EXERCISE: Using the listing below, set down exactly the lines from the one that contains "FIJI 2 DOLLARS 1988 P 87 UNC SC NUEVO - Fiji" through the one that contains "Revista literaria Novelas", with no pictures.

RECORD SET:
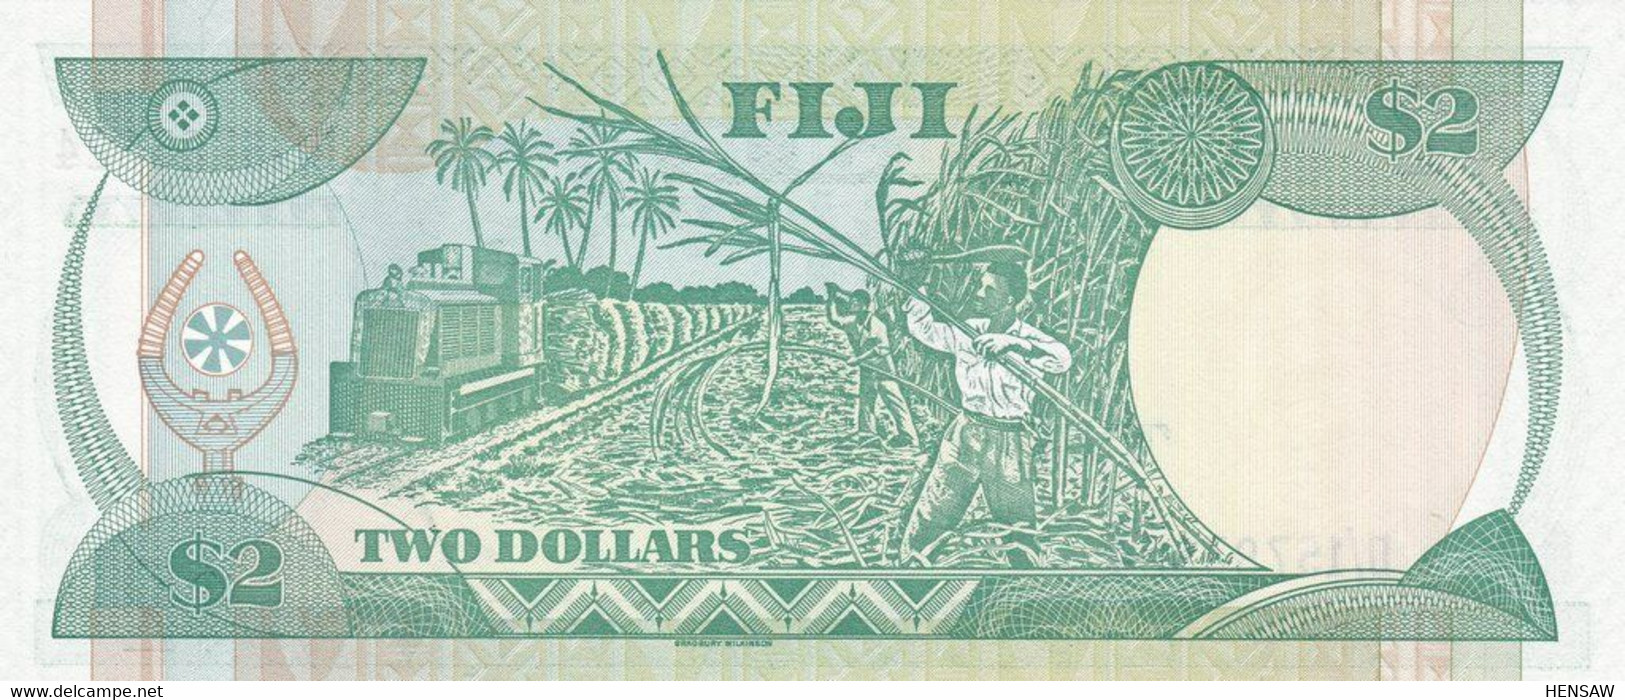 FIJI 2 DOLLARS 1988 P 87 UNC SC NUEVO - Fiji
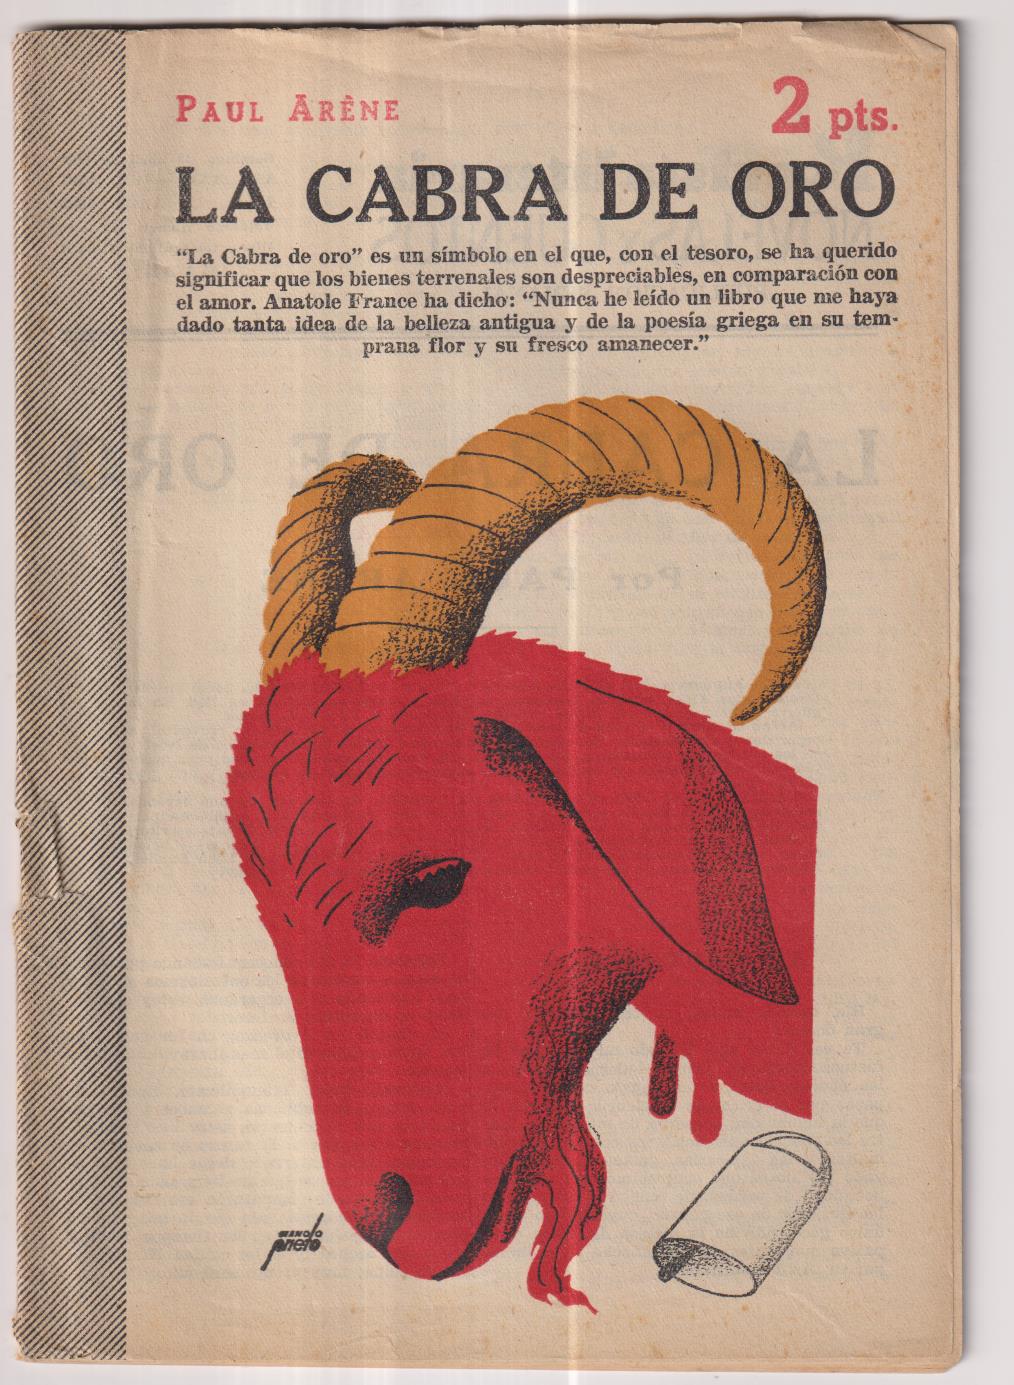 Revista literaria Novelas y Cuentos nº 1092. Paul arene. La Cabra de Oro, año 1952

...

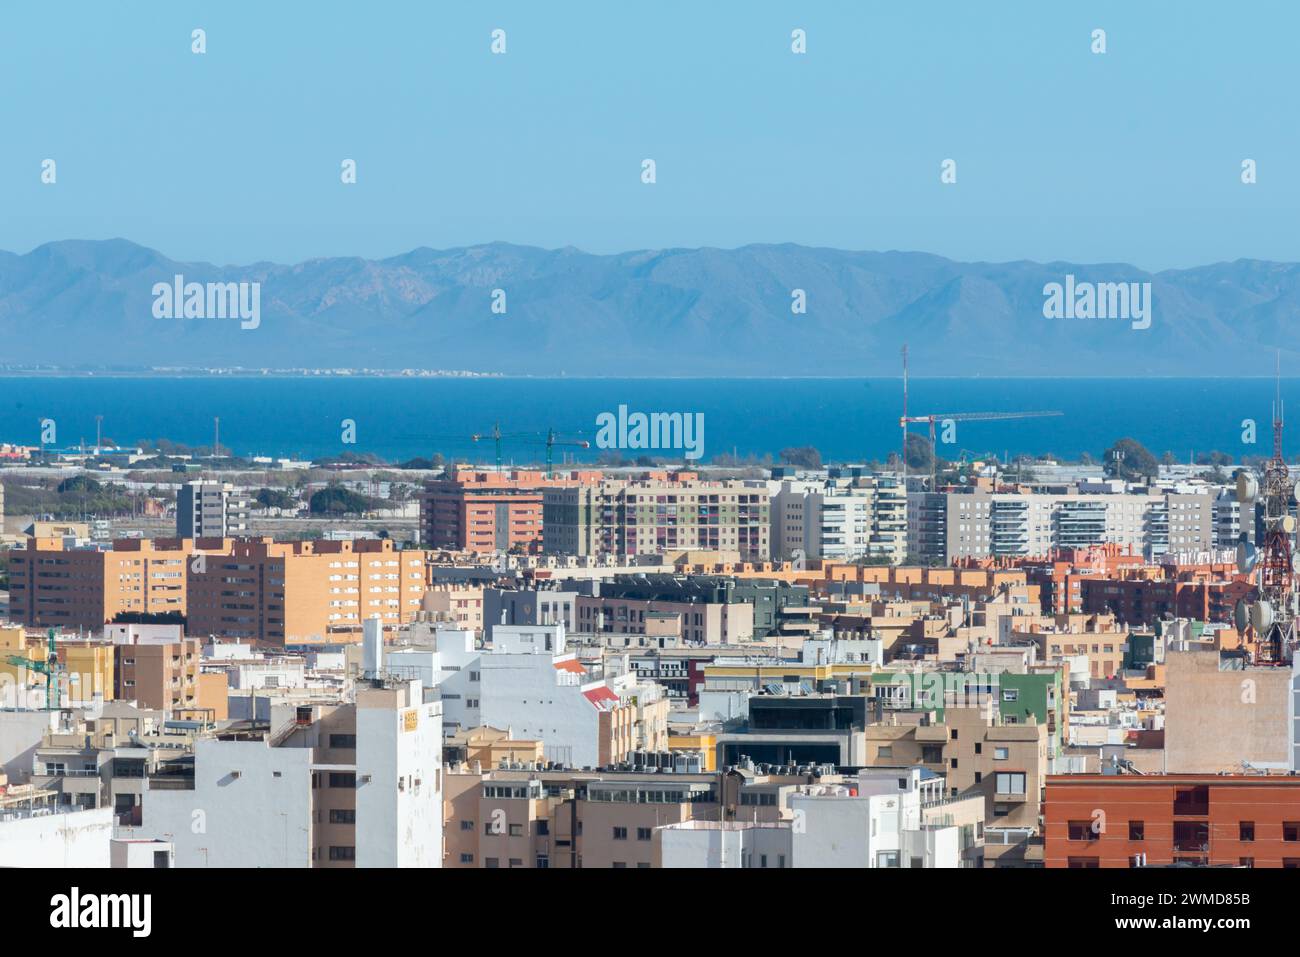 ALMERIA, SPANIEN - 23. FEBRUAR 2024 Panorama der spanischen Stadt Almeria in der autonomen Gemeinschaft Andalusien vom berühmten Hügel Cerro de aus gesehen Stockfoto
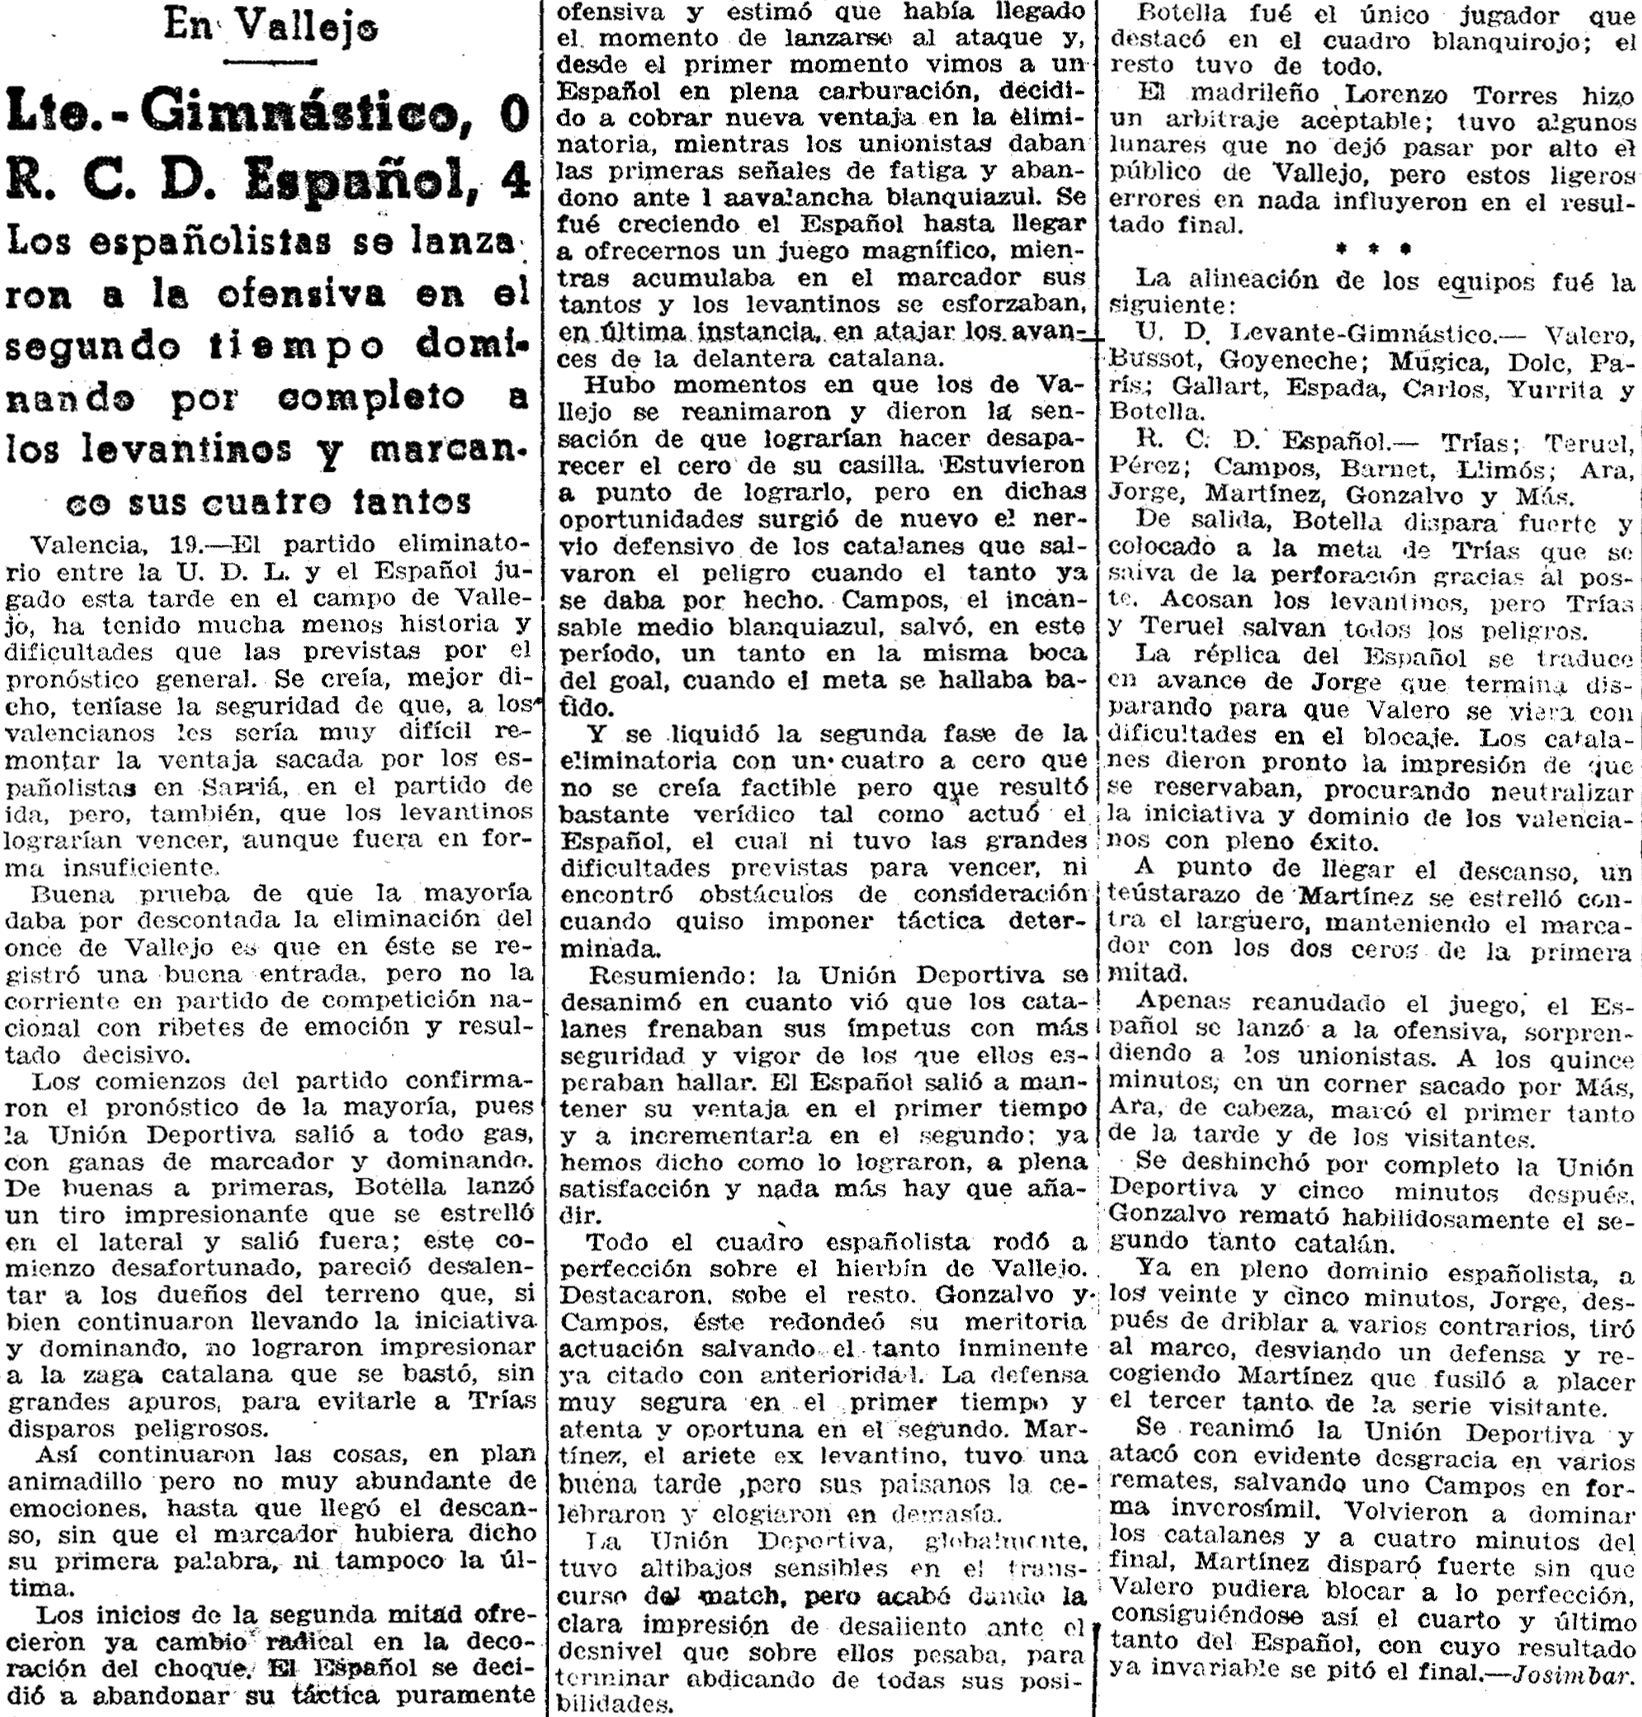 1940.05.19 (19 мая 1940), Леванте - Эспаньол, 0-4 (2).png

ANSWER:
 FIJI 2 DOLLARS 1988 P 87 UNC SC NUEVO - Fiji
 Revista literaria Novelas y Cuentos nº 1092. Paul arene. La Cabra de Oro, año 1952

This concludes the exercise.